Et fin août, avec le soutien de la Plateforme unitaire, la coalition de la Table de l’unité démocratique a pu annoncer son intention de participer aux élections du 21 novembre.
La coalition des partis politiques d’opposition n’avait pas participé aux élections législatives de 2020 ni aux élections présidentielles de 2018.
L’opposition souhaitait avoir des observateurs internationaux pour les élections.
Ainsi, l’Union européenne enverra jusqu’à 100 observateurs au Venezuela pour la première fois depuis 2006 afin d’évaluer le déroulement des élections. Le Carter Center a également envoyé une mission internationale restreinte d’experts électoraux à Caracas pour superviser les principaux aspects du processus électoral.
L’équipe d’observation de l’Union européenne et le Carter Center publieront leurs rapports et recommandations quelques semaines après les élections.
Alors que les discussions progressaient, le Pérou avait salué « l’appel à des élections justes, libres et démocratiques » au Venezuela en septembre.
Et l’avenir du Groupe de Lima, un consortium de pays américains formé dans la capitale péruvienne et destiné à surmonter la crise institutionnelle au Venezuela, a commencé à être remis en question après le départ de l’Argentine ou la reconnaissance par le Mexique de la légitimité du régime de Maduro.
Mais le Venezuela a décidé de mettre fin aux discussions après l’extradition d’Alex Saab. « Nous accusons le gouvernement [de Colombie] d’Iván Duque, les États-Unis et l’extrême droite vénézuélienne irrationnelle comme Leopoldo López, Juan Guaidó, Carlos Paparoni pour la fin des discussions », a déclaré le chef de l’équipe de négociation du côté de M. Maduro.

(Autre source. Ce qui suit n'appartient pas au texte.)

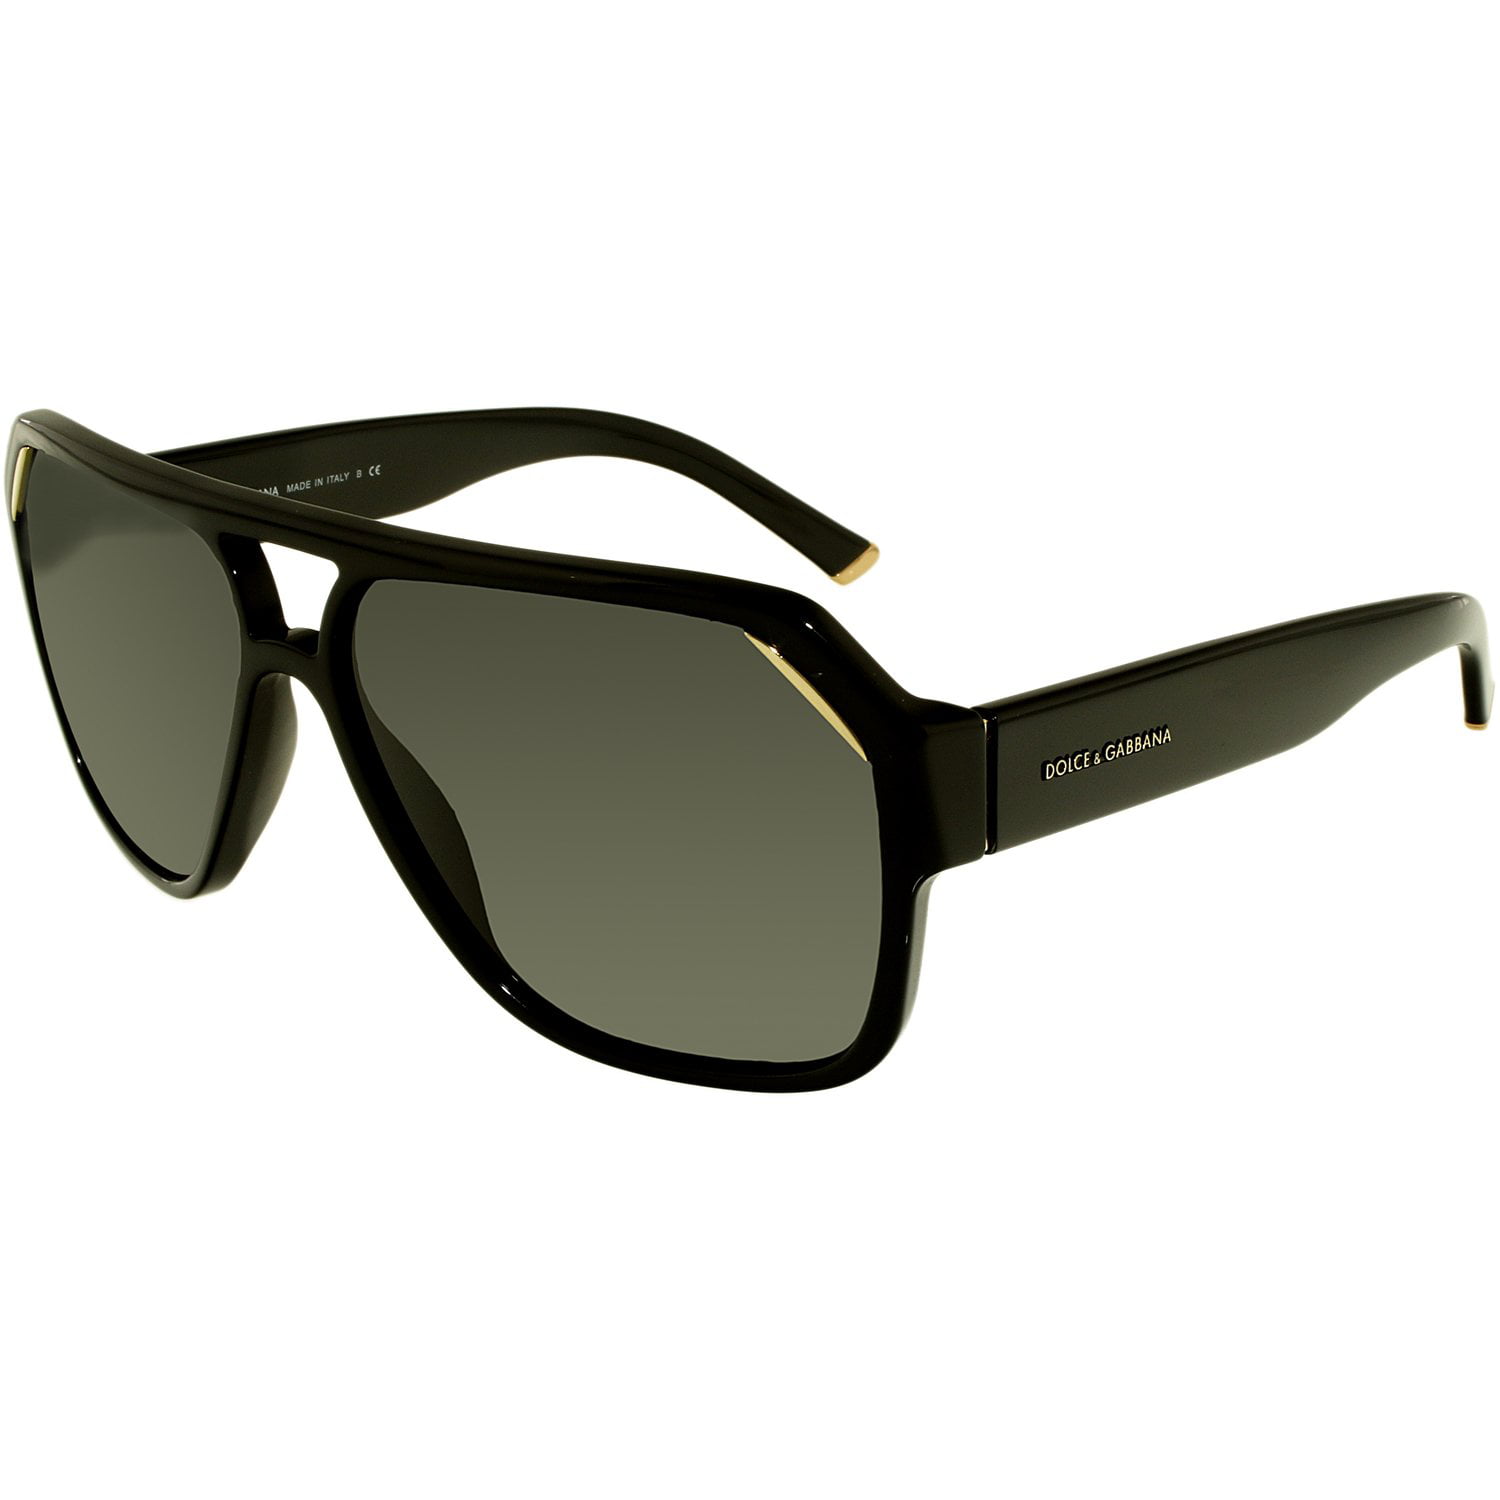 Dolce & Gabbana - Men's DG4138-501/87-62 Black Oval Sunglasses ...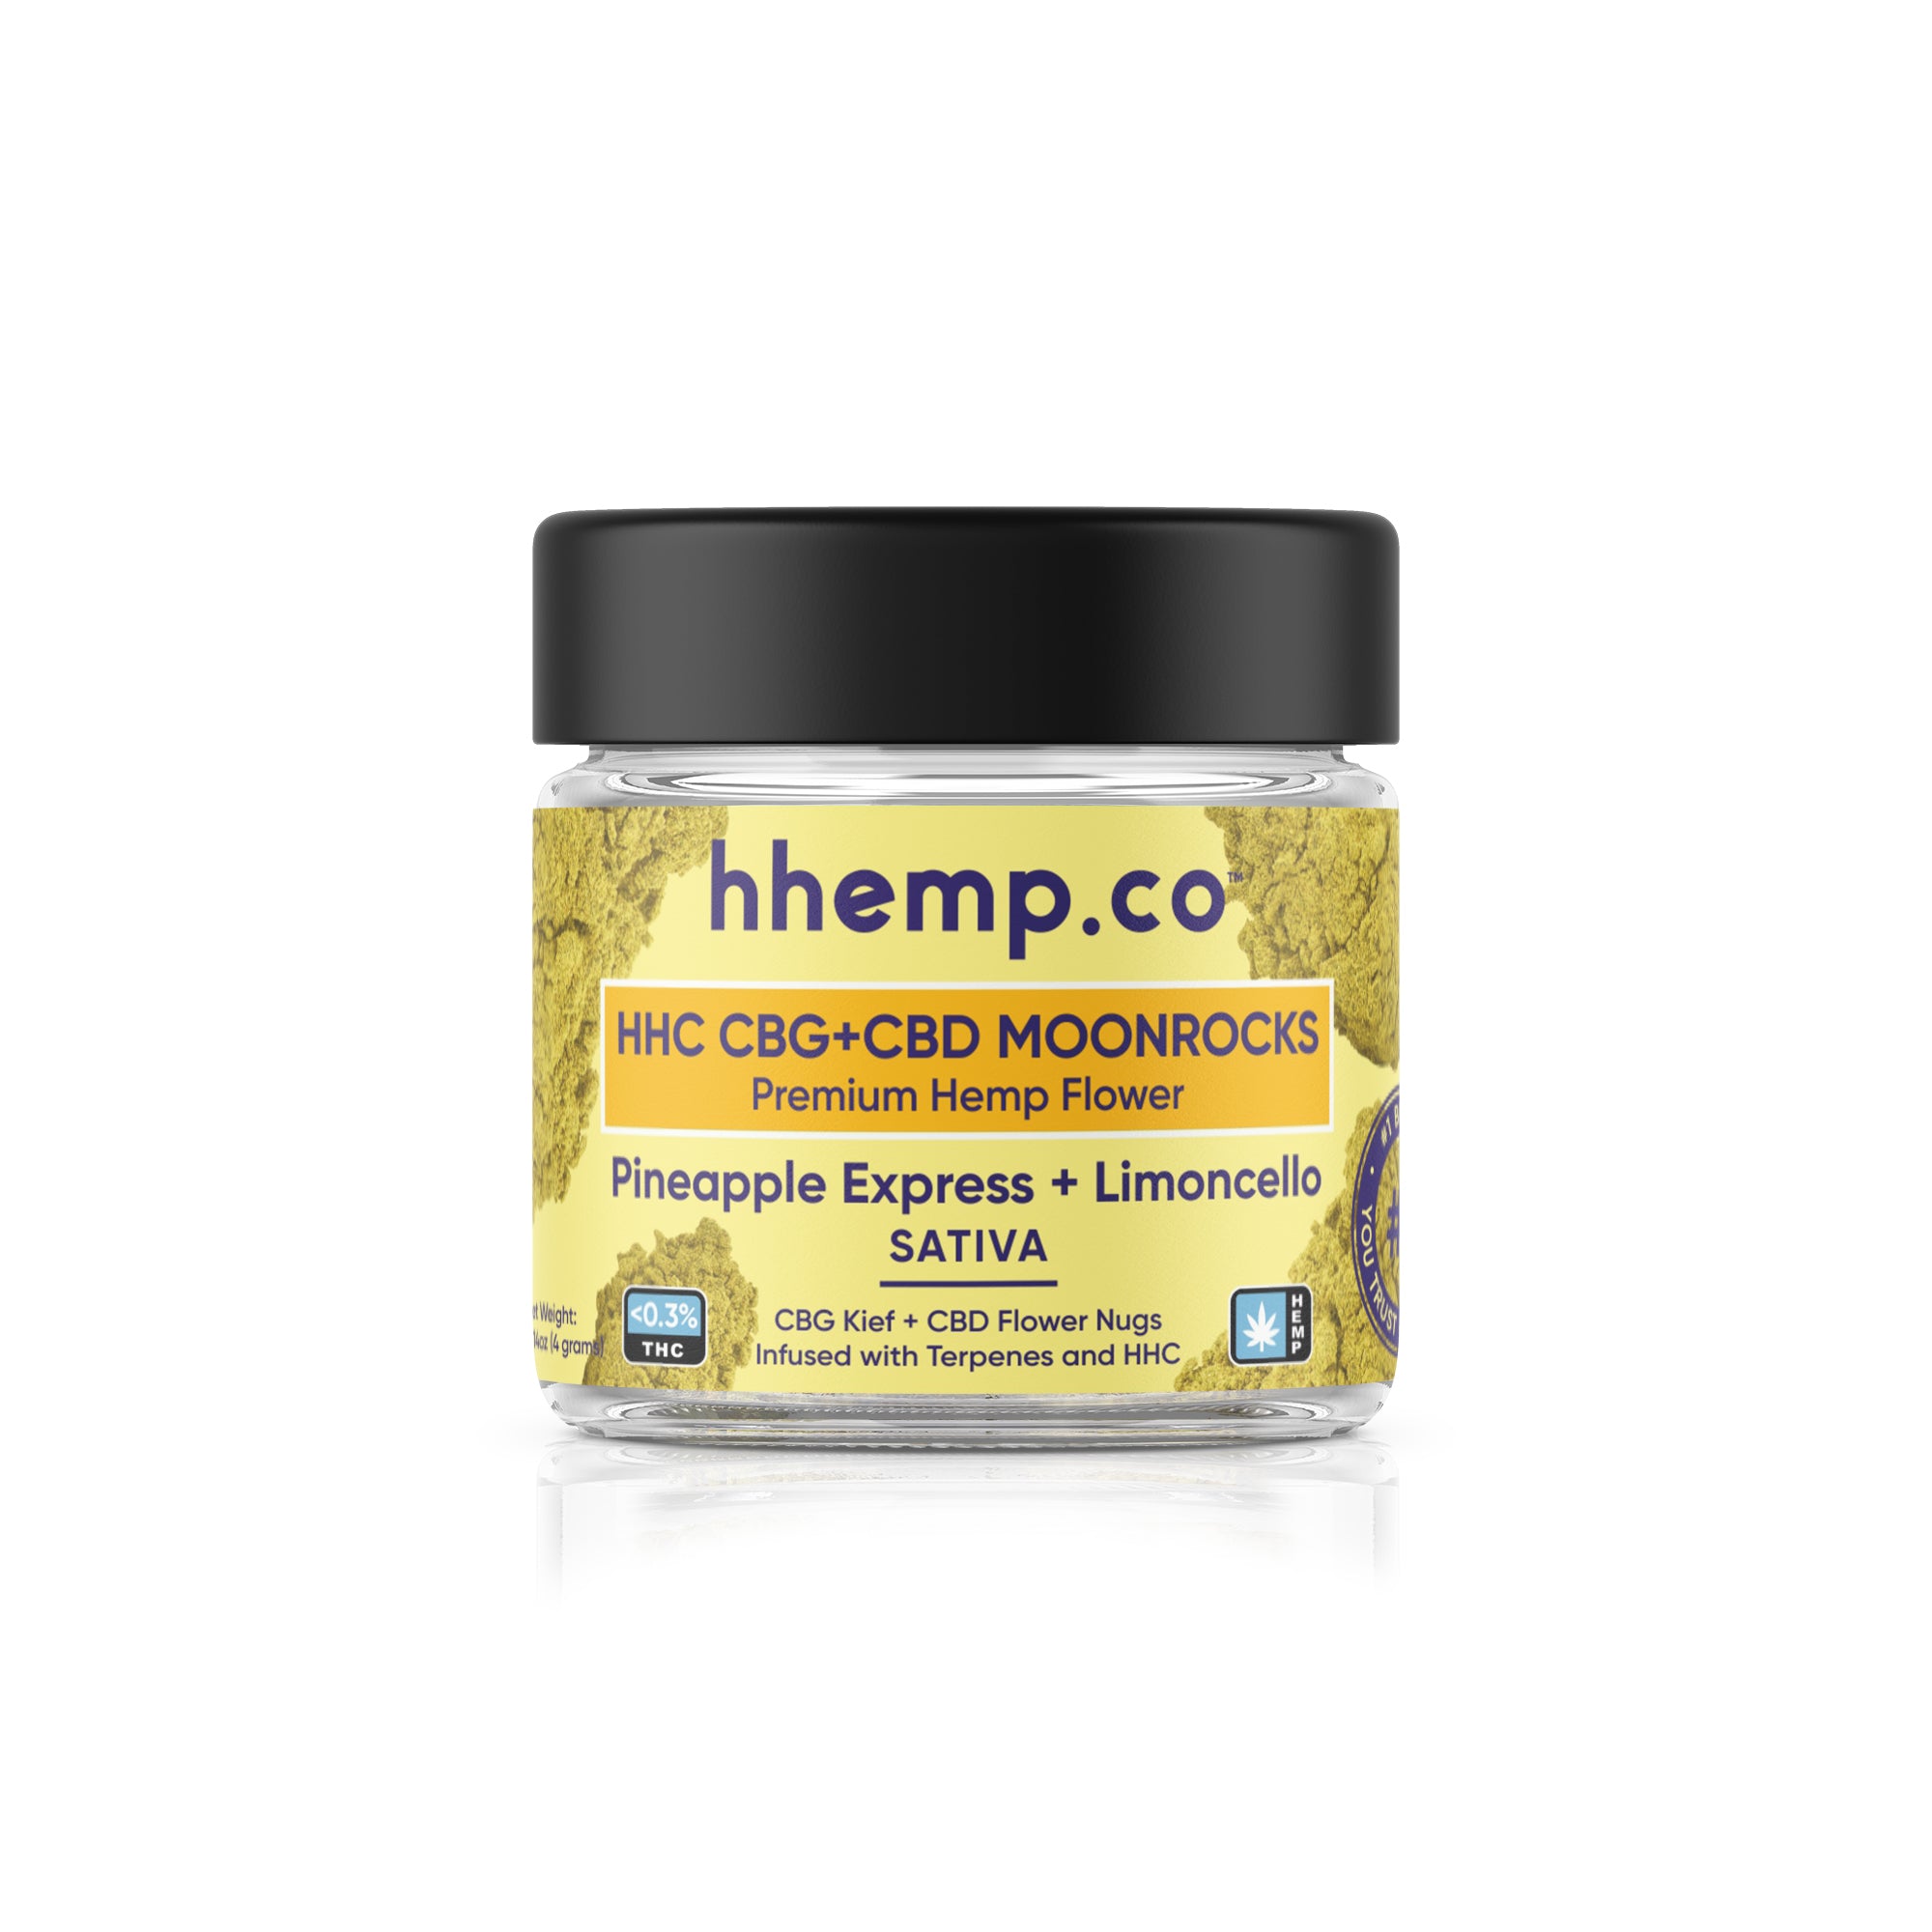 hhemp.co HHC Moonrock Flower - Pineapple Express+Limoncello (Sativa)

Une équipe de surveillance en ligne pendant la campagne électorale
Lorsque la campagne électorale a commencé, le ministre des Communications du Venezuela a annoncé vouloir créer une « équipe de surveillance » sur les réseaux sociaux.
Sans fournir de détails opérationnels, il a « invité les entreprises de réseaux sociaux à maintenir un équilibre dans l’information, afin d’offrir une couverture égale et un traitement similaire des messages provenant des candidats et de leurs organisations », ce qui pourrait être perçu comme une manière de vouloir contrôler la liberté d’expression dans un pays qui n’obtient que 28⁄100 dans le rapport Freedom on the Net.
Le 11 novembre, un jour avant le démantèlement des attaques terroristes présumées, le secrétaire d’État Anthony Blinken a estimé que « le régime Maduro continue de nier le droit des personnes à choisir leurs propres dirigeants ».
En septembre, le président de la Colombie, et opposant notoire de Nicolás Maduro, est resté sceptique quant aux discussions tant qu’il n’y aurait pas d’élections présidentielles « libres et transparentes ».
Les prochaines élections présidentielles au Venezuela se tiendront en 2024, avec encore un long chemin à parcourir en vue d’une réconciliation et la démocratie.